Work order: From the data below, set down exactly the lines between the one holding "Frau im Feld" and the one holding "図1：京セラの住宅用太陽光発電システムのサイト", inclusive, and no others.

Supplied records:
• • • • •
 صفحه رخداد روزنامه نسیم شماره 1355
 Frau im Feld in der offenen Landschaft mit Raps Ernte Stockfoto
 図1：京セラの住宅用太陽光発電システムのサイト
• • • • •
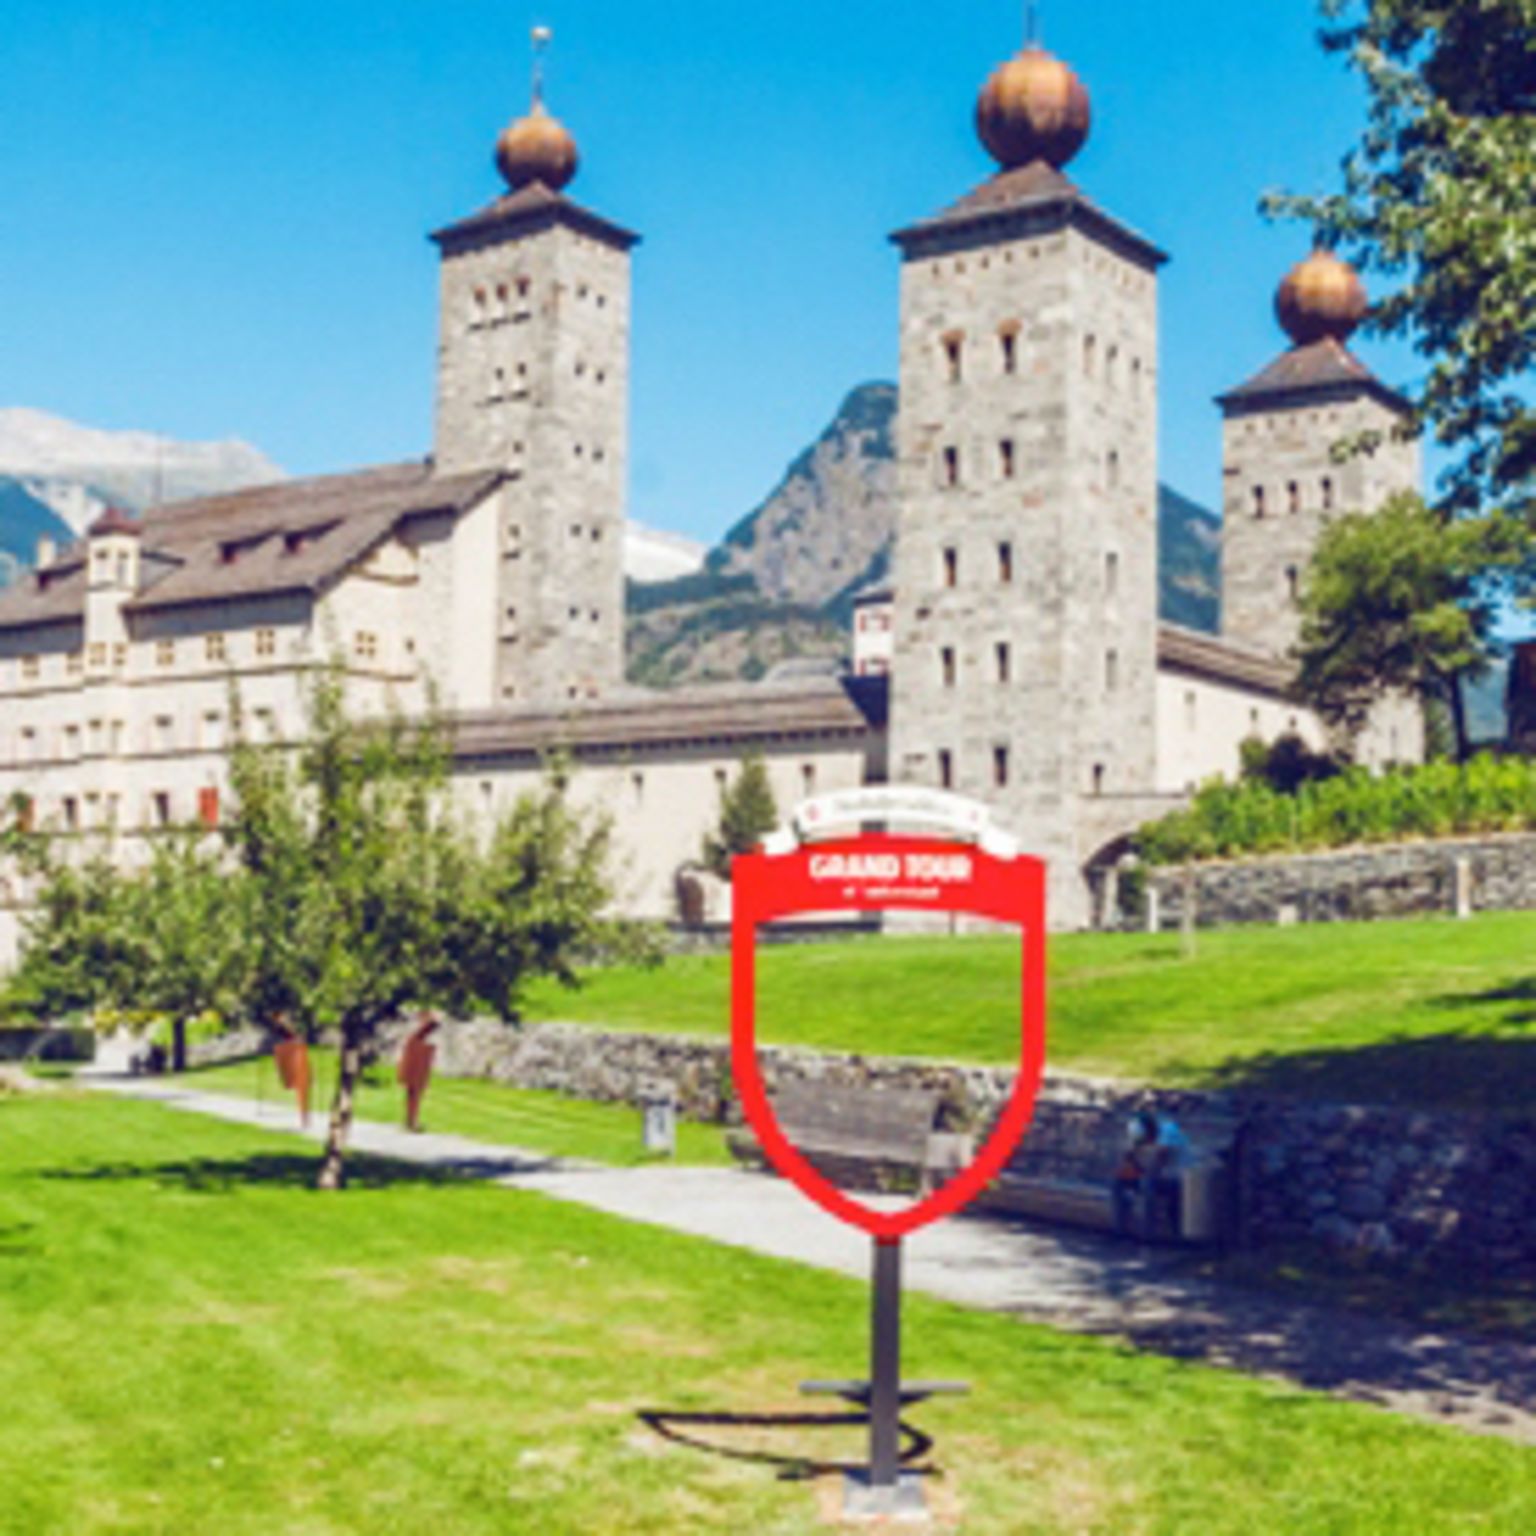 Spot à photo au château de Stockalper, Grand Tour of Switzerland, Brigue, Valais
• • • • •
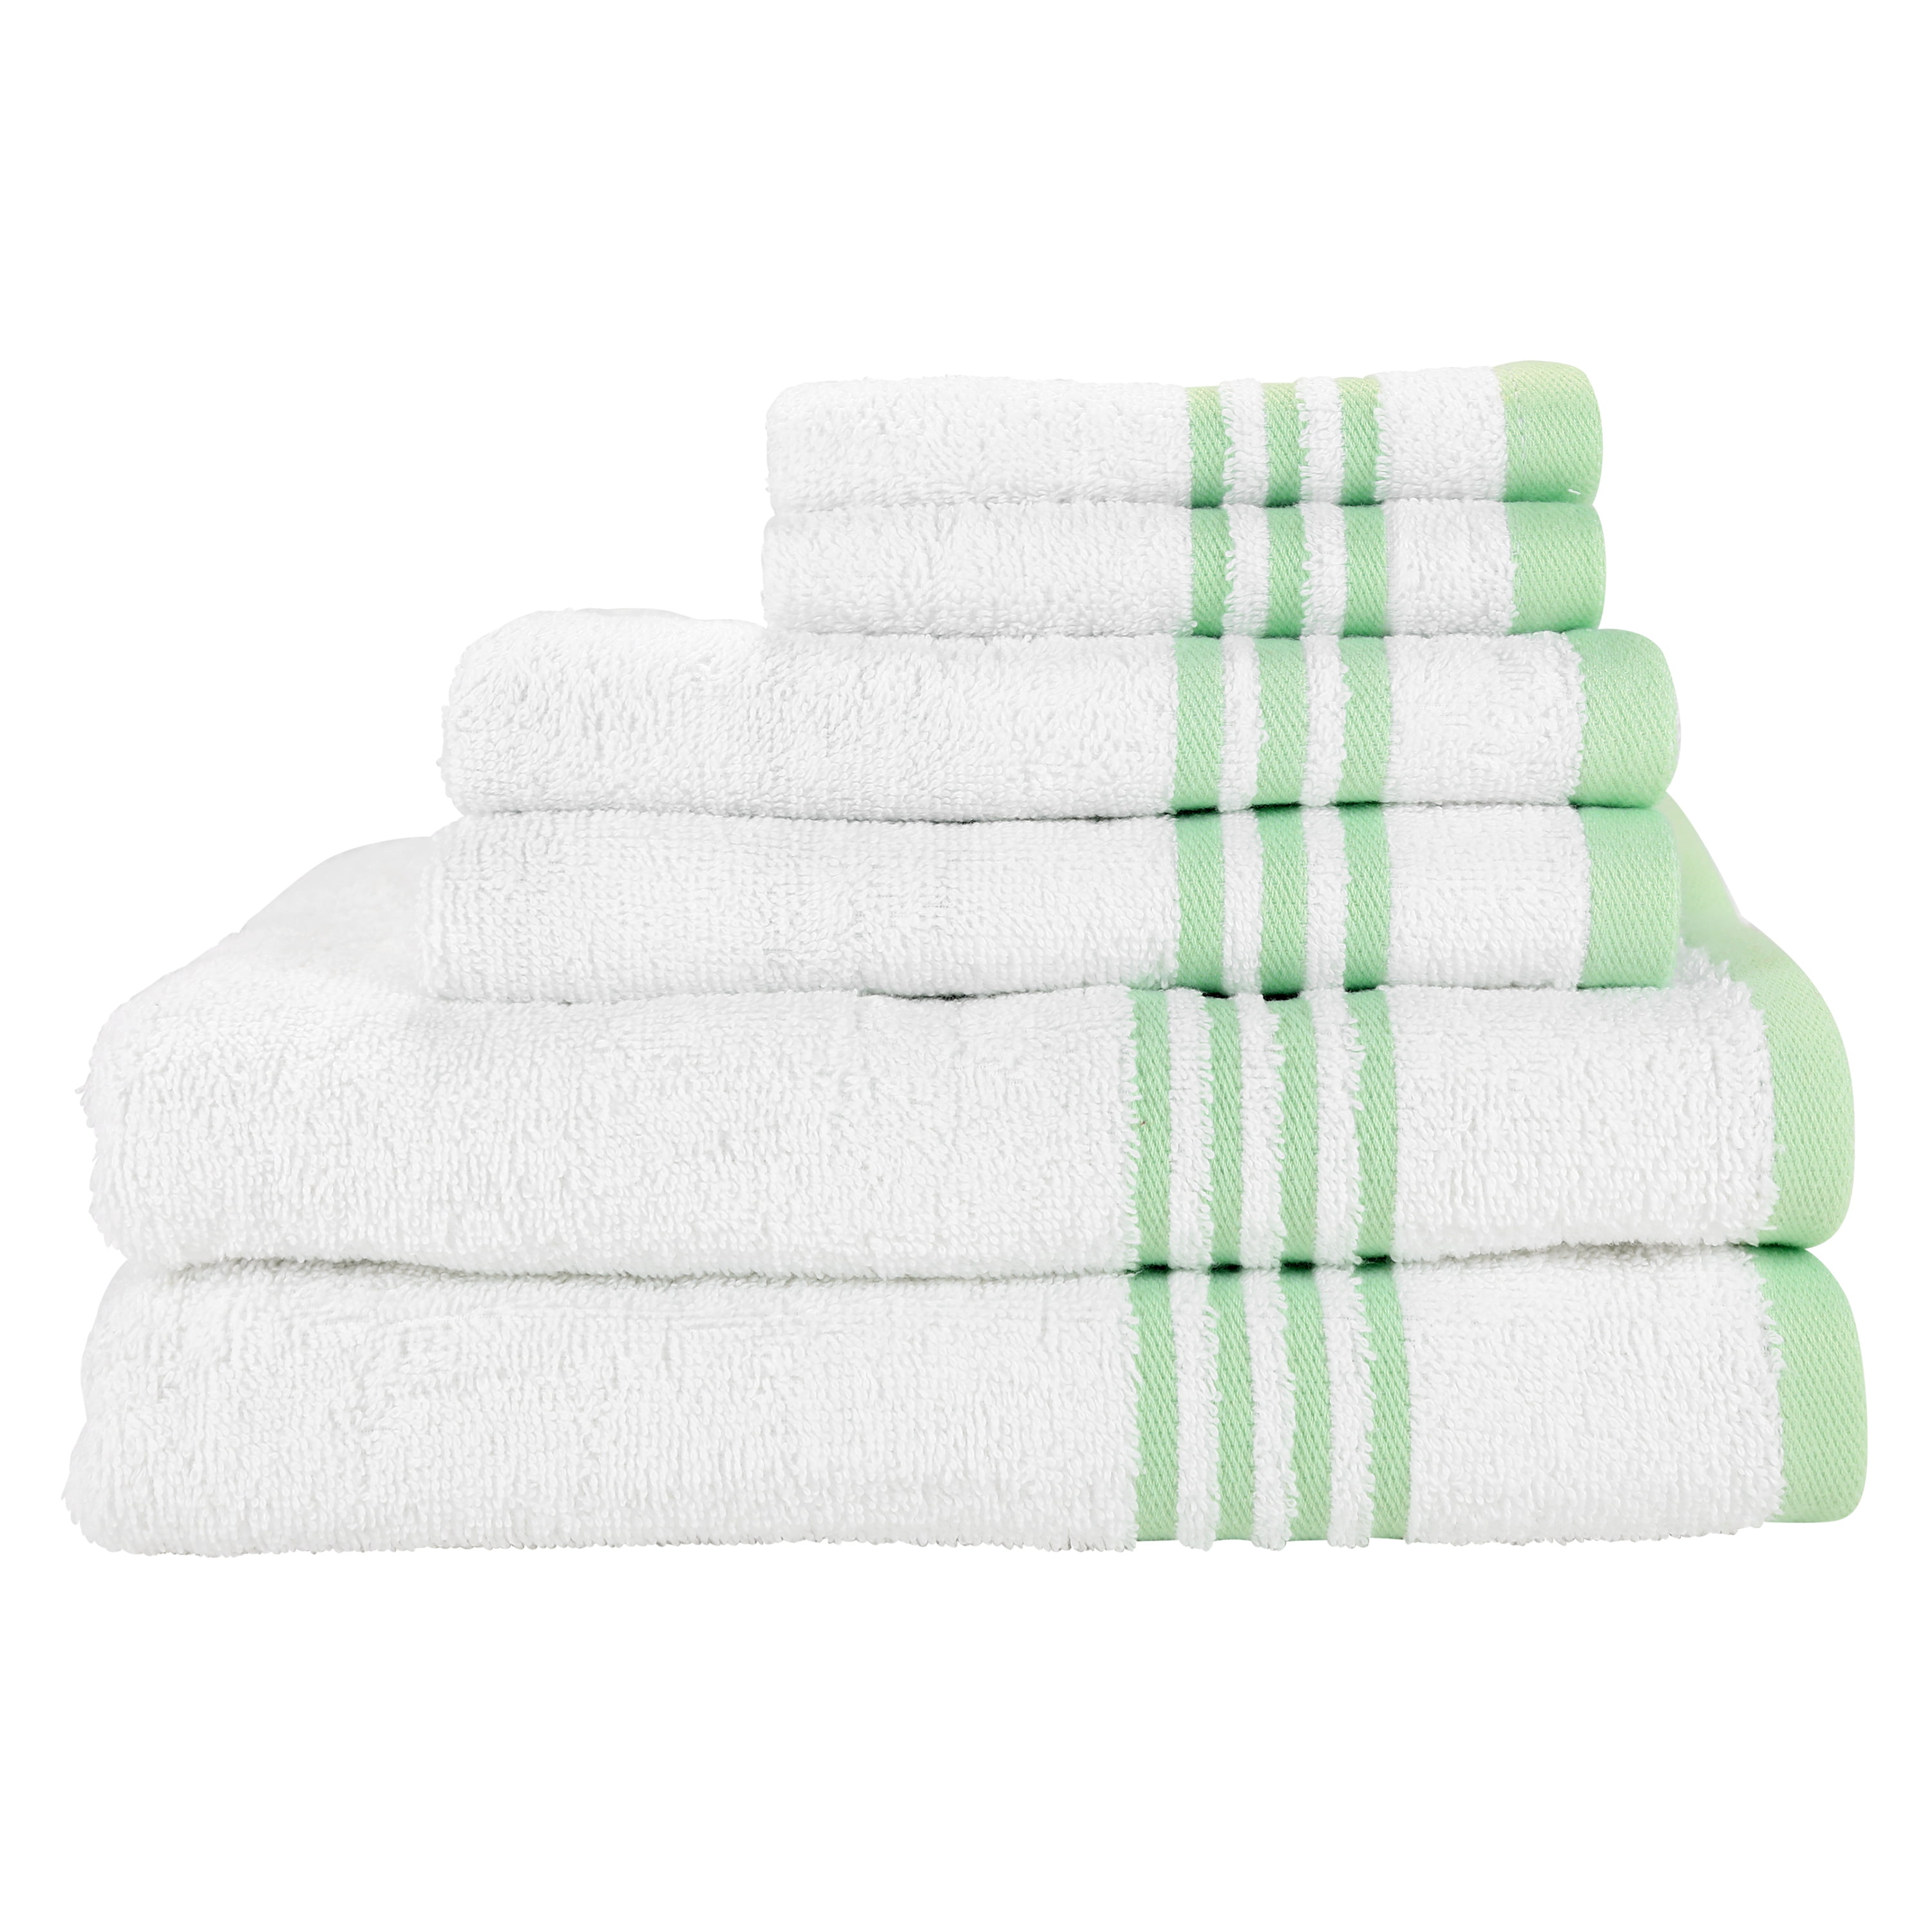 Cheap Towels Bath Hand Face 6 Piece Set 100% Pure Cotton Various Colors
• • • • •
Response for this exercise:
 Frau im Feld in der offenen Landschaft mit Raps Ernte Stockfoto
 図1：京セラの住宅用太陽光発電システムのサイト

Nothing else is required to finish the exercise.